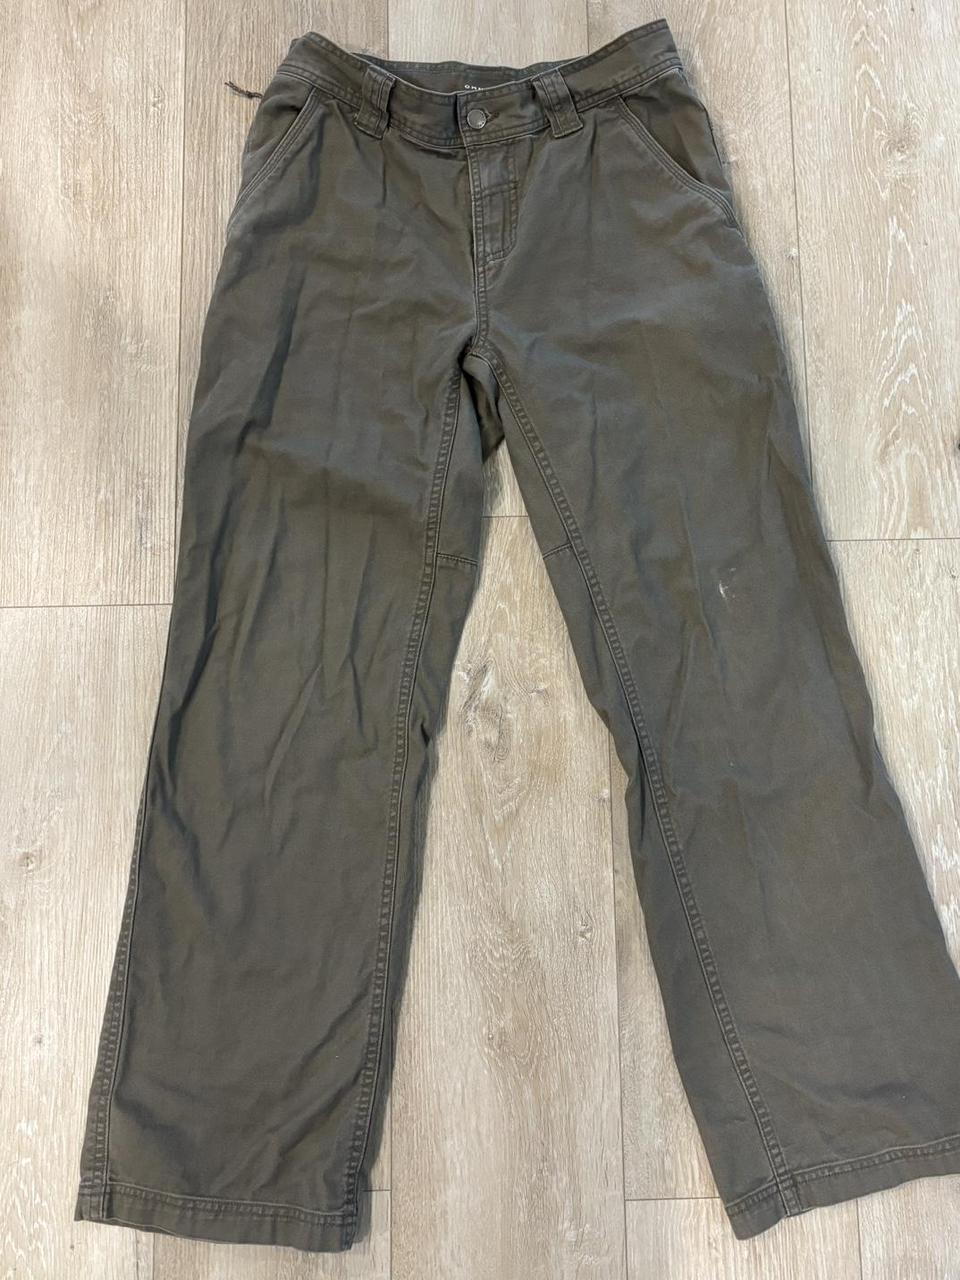 Washed green/brown Columbia sportswear hiking pants... - Depop
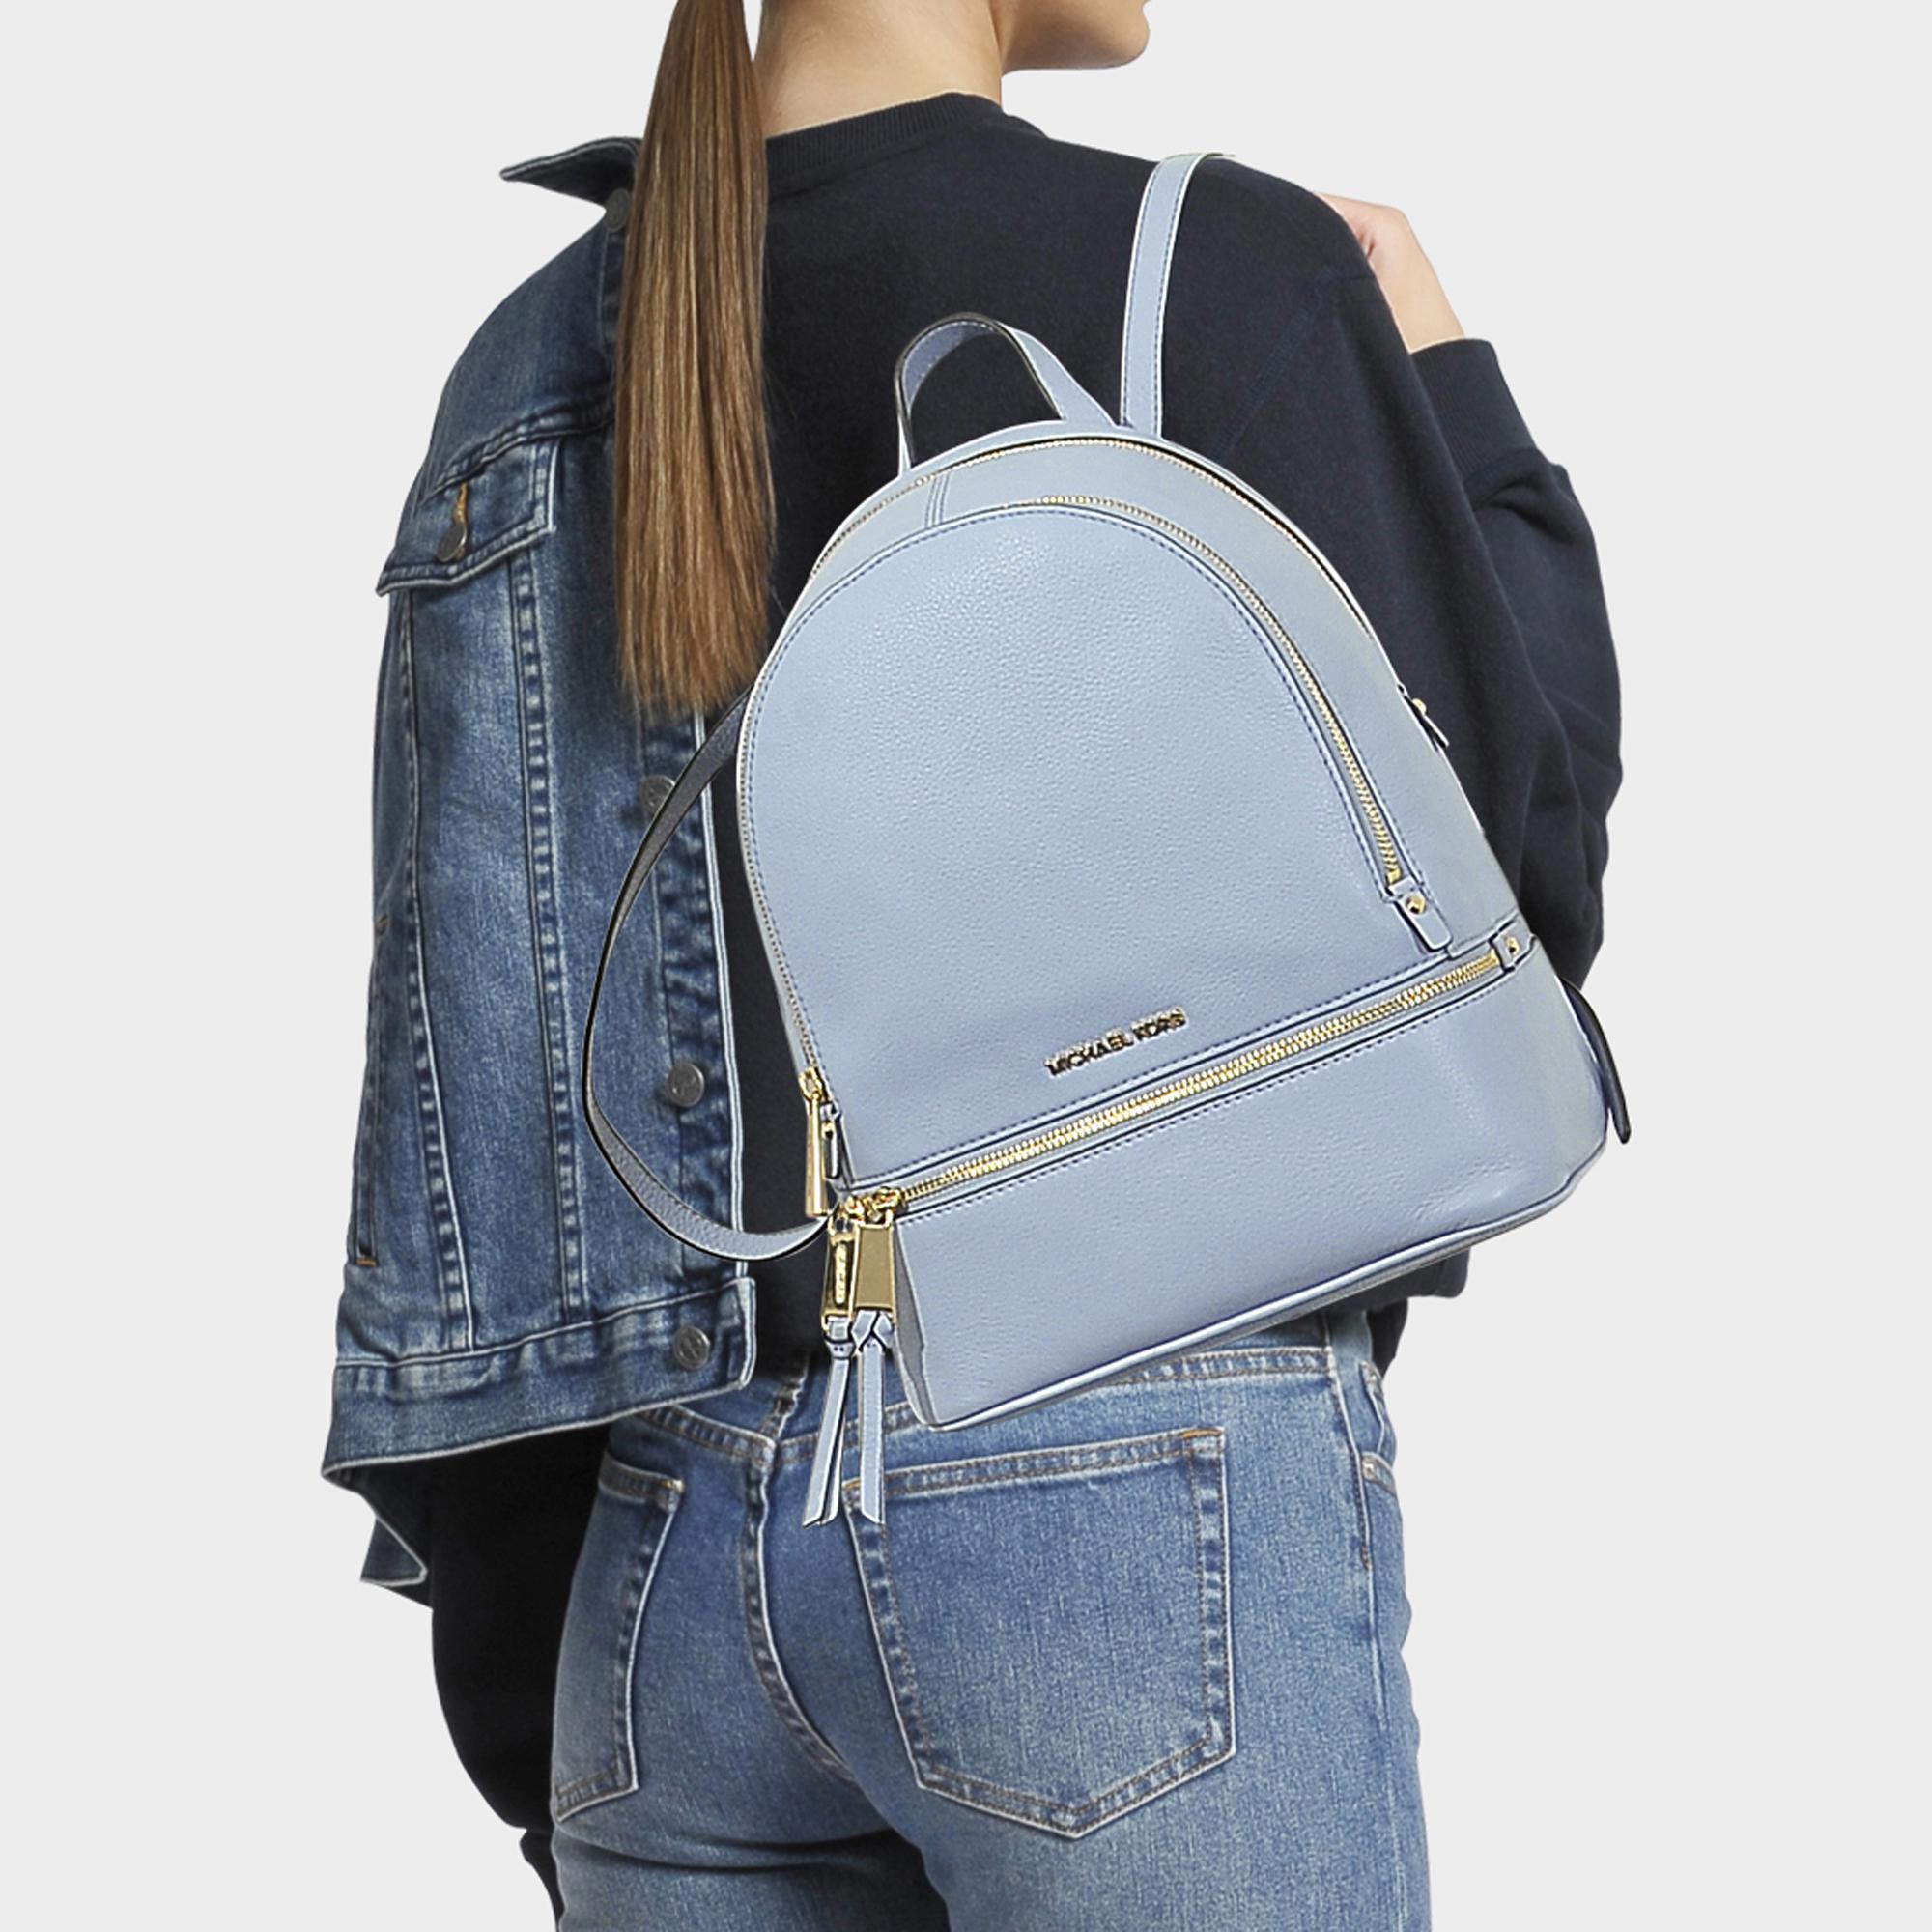 Michael Kors - Rhea Zip Medium Backpack
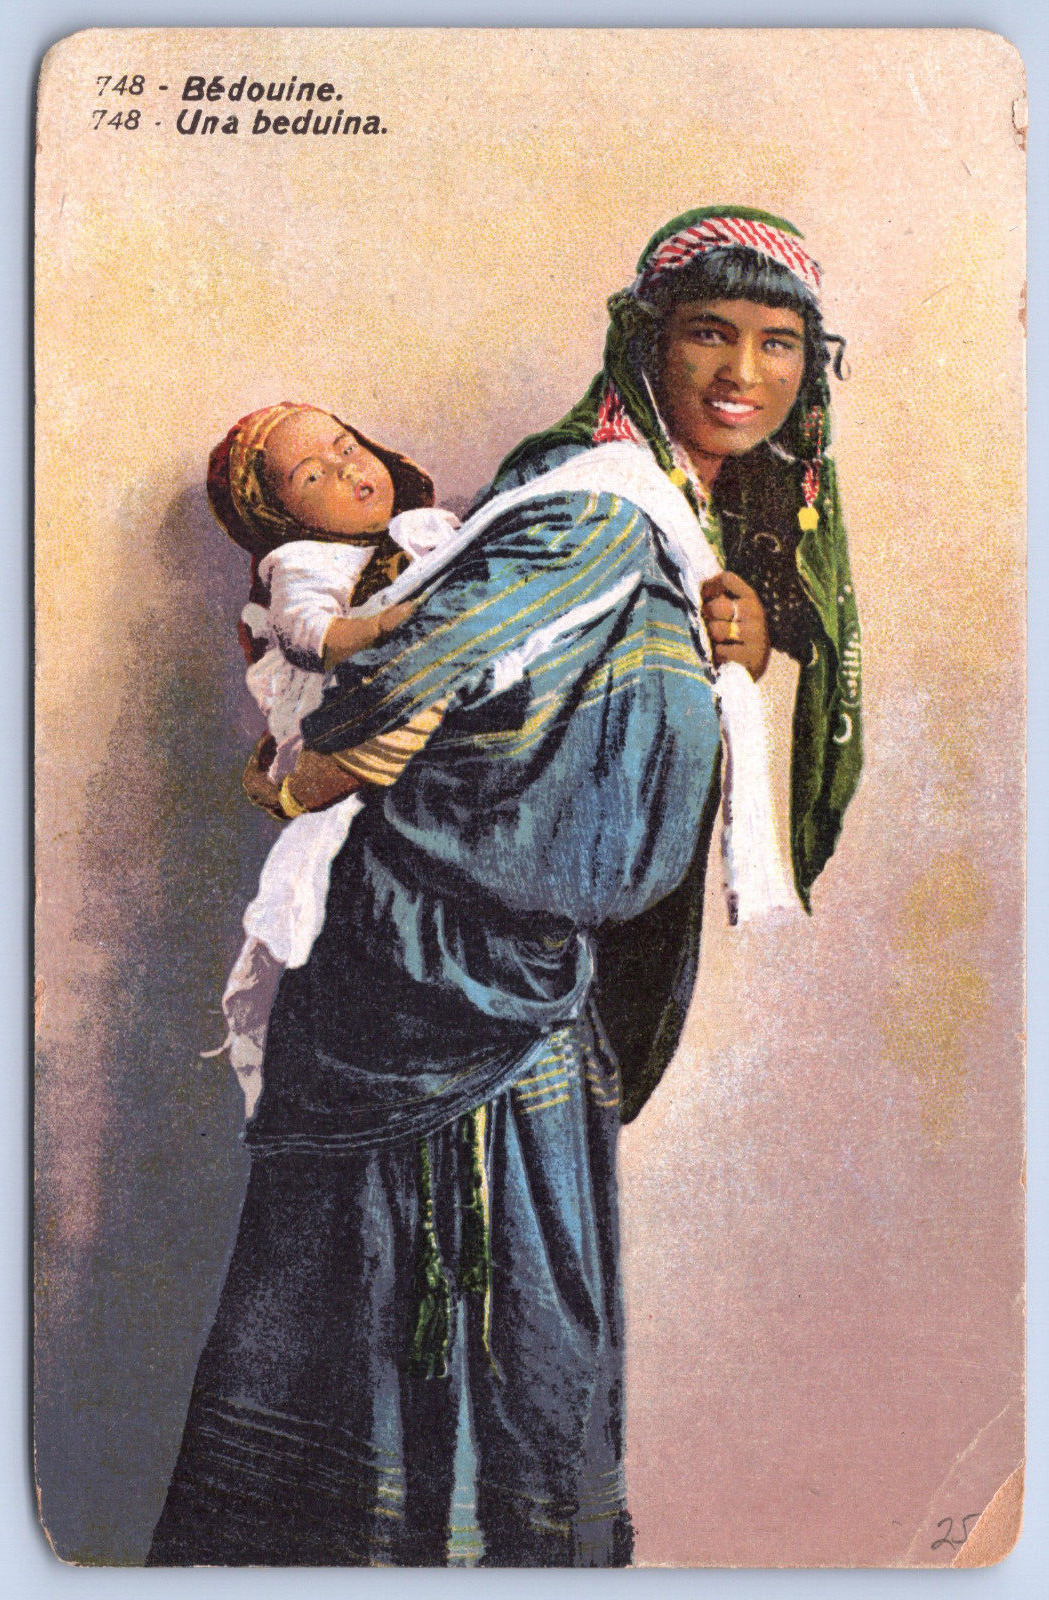 Bedouin Woman and Baby Ethnic Egypt Arab Vintage Postcard

________________________________________

_Task directions_. Every word of the material above should be copied exactly; no pictures.

_Result of the task_.
 Washed green/brown Columbia sportswear hiking pants... - Depop
 Michael Kors - Rhea Zip Medium Backpack
 Bedouin Woman and Baby Ethnic Egypt Arab Vintage Postcard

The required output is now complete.